Por mucho que Itxaso me hubiera advertido de que lo habría, el giro religioso me sorprendió. Aquella era una idea de Dios muy diferente al habitual concepto antropomorfo de las religiones tradicionales, sobre todo occidentales. Al parecer Jean Marc repetía palabra por palabra las enseñanzas de Antonio Blay, un psicólogo que había introducido en España, a finales de los años setenta, un marco teórico para la psicología que mezclaba conceptos del hinduismo y de la cultura zen y que tuvo una buena acogida en el mundo terapéutico, no solo porque no entraba en contradicción con las tesis de la psicología y del psicoanálisis, sino porque ofrecía métodos no solo para desvelar el inconsciente sino para reeducarlo, principalmente basados en la meditación y la autosugestión. “En esencia, todos los seres humanos estamos hechos de amor, de inteligencia y de energía”, decía, “y el sentido de nuestra existencia es desarrollar todo lo que podamos esos tres focos”. Decía esto mientras abría las manos y las colocaba como si sostuviese un globo enorme e imaginario entre ellas. “Esos tres focos son potencialmente infinitos, porque provienen todos de una misma fuente, una fuente superior e infinita. Hay una misma e infinita inteligencia de la que todos somos parte, una misma e infinita energía de la que todos participamos, y un mismo e infinito amor del que todos somos representaciones, y lo más hermoso de todo es que esas tres fuentes son en realidad la misma”.

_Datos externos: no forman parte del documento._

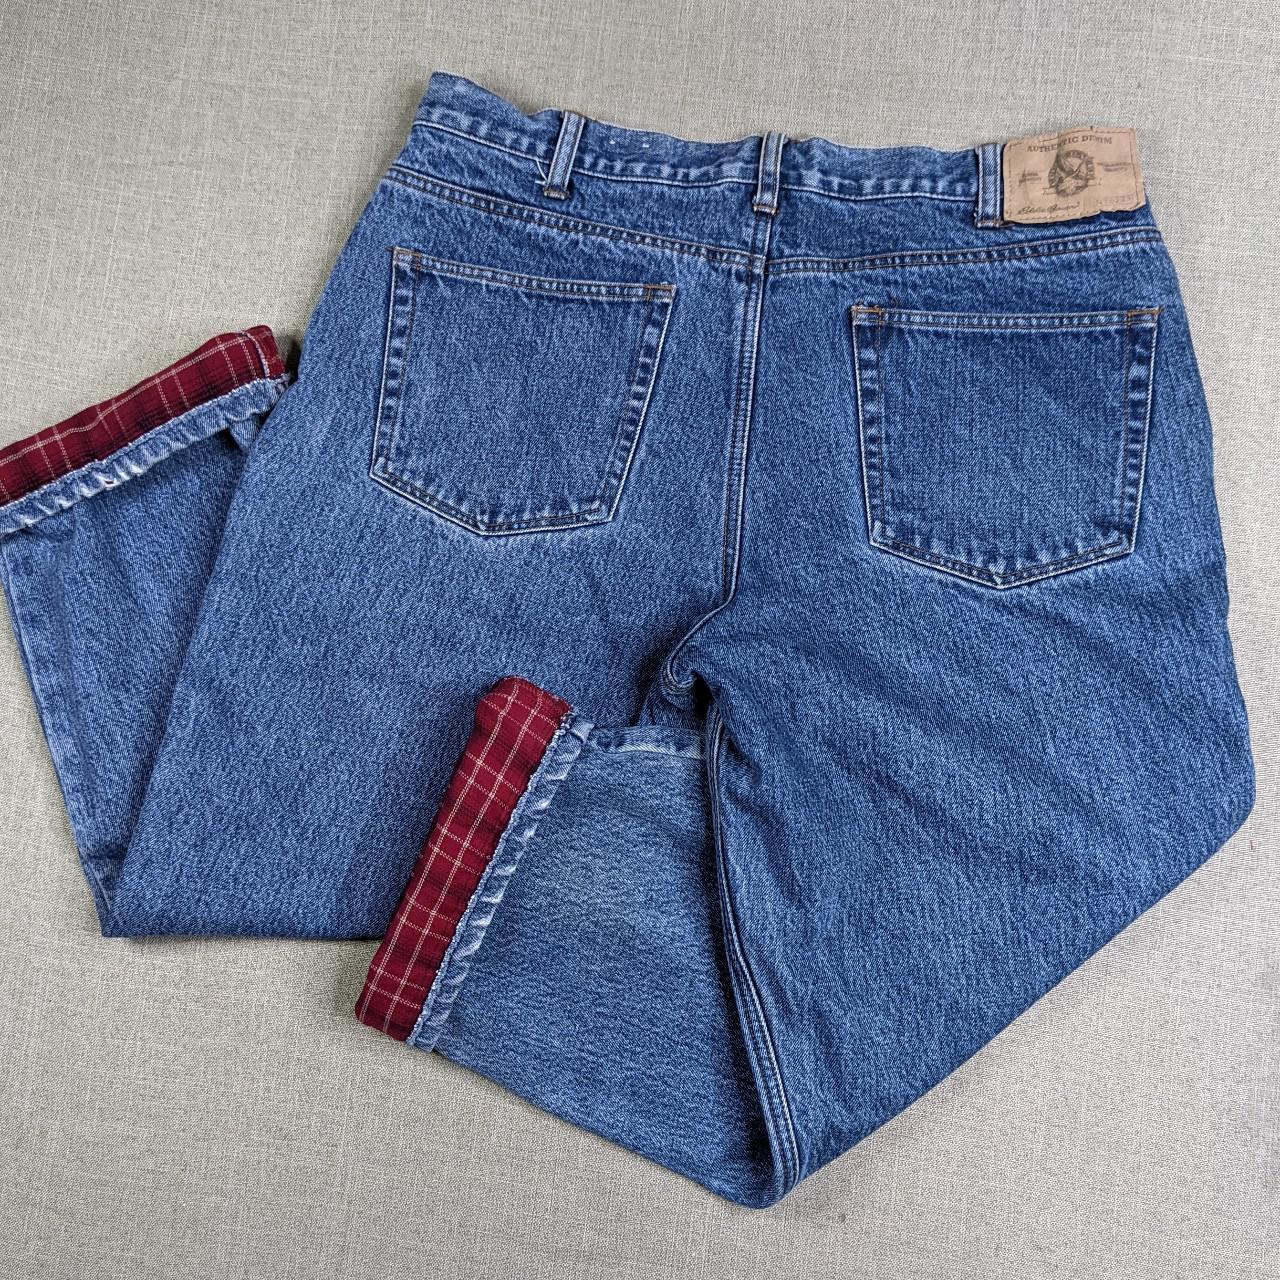 Product Image 1 - Vintage flannel jeans by Eddie

Aquella visualización era solo una creencia, pero había que reconocer que era bonita, una espiritualidad o religiosidad agradable, fácil de aceptar. No se me ocurría mucho que objetar, así que volví al supuesto inicial. “Si estamos todos hechos de agua, ¿significa eso que todos somos agua?”, le pregunté. Me senté mejor en la silla y precisé mi pregunta. “Quiero decir, ¿que compartamos sensaciones o características demuestra que somos en realidad lo mismo?”. Me miró entonces con una sonrisa perspicaz y me dijo: “Itxaso me ha dicho que eres matemático”. Al decir esto me pareció que sus ojos se volvieron más oscuros, más concentrados. Asentí con un gesto lento de la cabeza y me preguntó: “¿Entonces habrás leído Planilandia?”. Sonreí con ternura: pues claro que lo había leído. Me lo había recomendado la profesora de matemáticas que tuve en el instituto. Era un libro corto, escrito por un maestro de una pequeña escuela de pueblo en la Inglaterra del siglo XIX. La intención del libro era de crítica social, pero su lectura y análisis representaban un hermoso ejercicio de visualización geométrica. El autor relataba cómo sería la vida dentro de un mundo de solo dos dimensiones, una recreación de cómo sería nuestra percepción geométrica si no pudiéramos movernos de la superficie, por ejemplo, de una mesa, ni tampoco pudiéramos ver nada más allá de ella. El personaje protagonista es un cuadrado que vive atrapado en el plano hasta que un cubo -que proviene de las tres dimensiones- lo ayuda a escapar y le enseña las maravillas dimensionales de las que había sido privado viviendo en Planilandia. Juntos descubren entonces Rectilandia y Puntilandia (los mundos de una y de cero dimensiones), una fábula que conduce a la pregunta de si existen más dimensiones de las que conocemos -pero que no somos capaces de percibir- y por lo tanto a plantearnos si no somos nosotros, los habitantes del espacio de tres dimensiones, poco más esclavos que aquel cuadrado de Planilandia, igual de ignorantes o limitados, solo que con una dimensión más.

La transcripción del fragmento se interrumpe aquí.